A+ for effort. I can't say the same for design, but I'd feel bad rating it too low, even though I'm hours in and not past the tutorial (I'm slow at reading and thorough and indecisive with character options).
The theme is less my kind of thing (it's very much a MAN turning into a woman, instead of just playing a female character, and it heavily leans on that), but I'm ignoring that for rating purposes.
It's self-aware about having walls of text explaining things, but tbh, I felt like on one image it could have saved like 20%+ of the text just not repeatedly referring to how long the text on it is, and more if it tried to reduce redundancy and say things more succinctly.
A red flag to me was referring to 6000+ lines/characters (I forget) "content". There are people into that, but, for example, when it comes to RP I prefer the approach of not adding fluff just for the sake of making it longer, and having more "oomph" per word. Being longer isn't automatically better, but it's a subjective writing style point, and some people probably do like the same thing with equal amounts of descriptiveness said in 3-4 times as much words.
I'm too impatient for that. (And yes I went over and set the options, of which there are many, and scattered in different places. Some of the limit the description of some things.) There are at least a couple quotes out there about how a good writer can say it with less. Some people rail against the idea and insist that means less detail, and it reminded me of those types a little.
Anyways, I found there weren't many choices besides character creation, which was pretty decent if you take it as a CYOA (the new menu kind, not the old book kind, which these kinds of games sort of are like too, but more interactive/versatile). But again, I didn't get out of the prologue before getting frustrated and checking the reviews.
I do appreciate the effort, a lot of people can't stick to a project and get so much done, but as honest feedback, I think there could be more time spent on design and working smarter, rather than sheer brute force hard work. In art, it helps a lot to make a sketch, and THEN do the line art over it, and THEN color it in. It's not the only approach, you can also paint in broad strokes to get the general composition down, and then go at adding detail. Both analogies I think hit on similar points.

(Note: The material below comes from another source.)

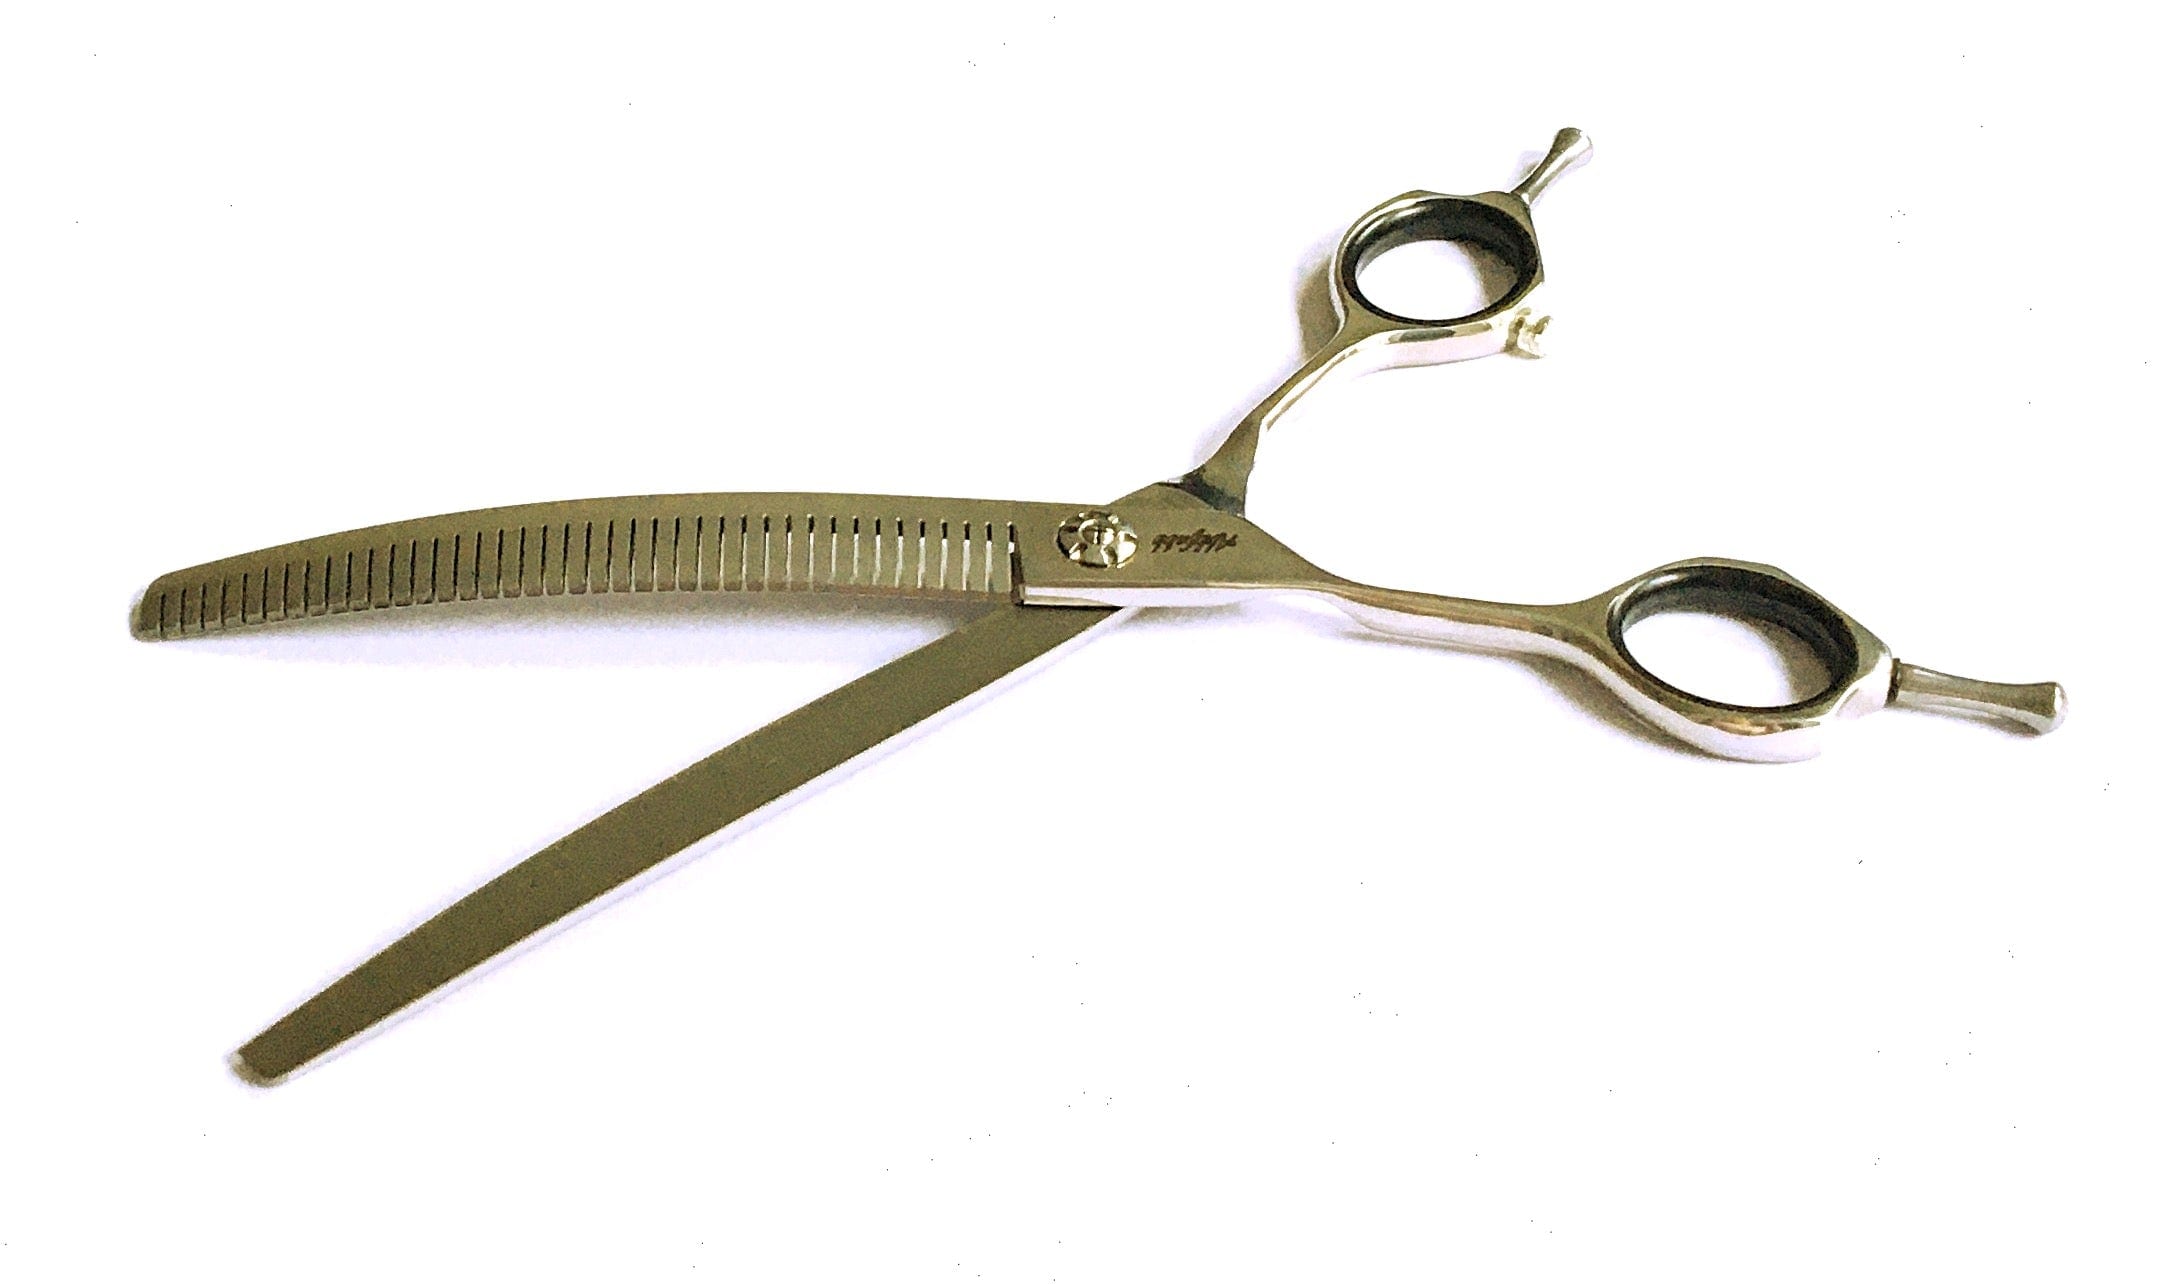 Abbfabb Grooming Scissors Ltd Left Handed 7" 40 Piano Teeth Reversible Curved Thinning Scissor. Left Handed 7" Flippable Curved Fluffer.

It can be helpful in other creative things, too. For writing, having an outline beforehand. For animation, there's storybooks and keyframing (and doing inbetween frames later, filling in more detail). Sometimes an extra layer too, like for game design, I feel like it's helpful to have something for general design as far as what you want in the game, then something else as far as how in general and broad human language you could implement it, and then maybe something more specific as far as implementation, before actually getting to coding it. Otherwise it's just way easy to get lost in the sauce, or even lose motivation and not be sure where you were going with it or what was initially cool/fun/interesting about it. And you just kind of stare at it, not sure what else to add.
Good luck to the dev. It's now an awkward situation where the best move would probably be to take the lessons and start fresh with design and scope in better focus, except for now being pot committed and a lot of people have invested in it with the hopes of it improving. I don't envy the position, and am making mental notes to be careful about early access type stuff on anything I'm working on.